We can see that a non-admin user gets sent an e-mail with the 2fa code, we can access this with the /webmail route.

There is however another big difference: the admin first resets the seed, then generates the code, while the user first generates the code, and then resets the seed.

The lcg_seed update from create_2fa_code is done by this (reversible) function:

def lcg_next(seed):
    """LCG forward: X(n+1) = (a*X(n) + c) mod m, followed by XOR shifts"""
    x = (LCG_A * seed + LCG_C) % LCG_M
    MASK_64 = (1 << 64) - 1
    x = (x ^ (x << 21)) & MASK_64
    x = (x ^ (x >> 35)) & MASK_64
    x = (x ^ (x << 4)) & MASK_64
    return x

And the code to generate a 2fa just takes: $\text{new seed} \mod 10^{20}$.

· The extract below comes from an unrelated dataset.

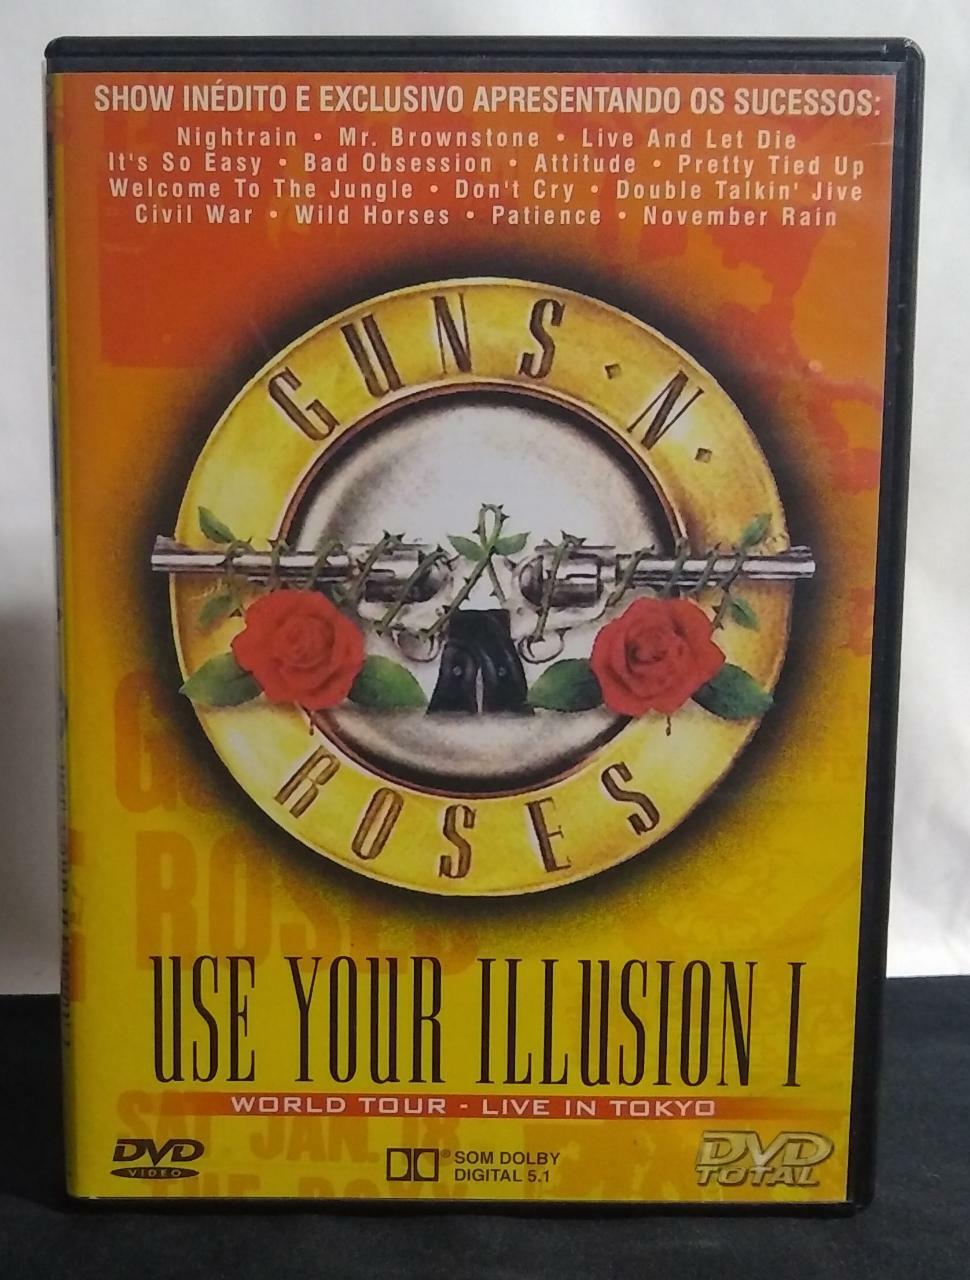 DVD - Guns and Roses - Use Your Illusion I - World Tour Live In Tokyo

def generate_2fa_code(seed):
    """
    Generate a 20-digit 2FA code from a seed.
    """
    code_num = lcg_next(seed)
    code = str(code_num % 10**20).zfill(20)
    return code, code_num

Solution

  1. Log in with the admin account
  2. Log in with user account, this uses the same lgc_seed as the admin 2fa code
  3. Get the 2fa code from the user account
  4. Reverse lcg_next to get admin 2fa code

Solution script

LCG_A = 6364136223846793005
LCG_M = 2**64
LCG_C = 1442695040888963407
MASK_64 = (1 << 64) - 1
# Modular inverse of LCG_A mod 2^64
LCG_A_INV = pow(LCG_A, -1, LCG_M)

def _undo_xor_shift_left(x, shift):
    result = x
    s = shift
    while s < 64:
        result ^= (result << s) & MASK_64
        s <<= 1
    return result & MASK_64

def undo_xor_shift_right(x, shift):
    result = x
    s = shift
    while s < 64:
        result ^= (result >> s)
        s <<= 1
    return result & MASK_64

def lcg_prev(value):
    x = value
    # Undo x ^= (x << 4)
    x = _undo_xor_shift_left(x, 4)
    # Undo x ^= (x >> 35)
    x = _undo_xor_shift_right(x, 35)
    # Undo x ^= (x << 21)
    x = _undo_xor_shift_left(x, 21)
    # Undo (LCG_A * seed + LCG_C) % LCG_M
    seed = (LCG_A_INV * (x - LCG_C)) % LCG_M
    return seed

current_code = input("Enter the 2FA code from the email: ")
prev_lgc = lcg_prev(int(current_code))
print(f"Previous LCG seed (admin 2fa): {prev_lgc}")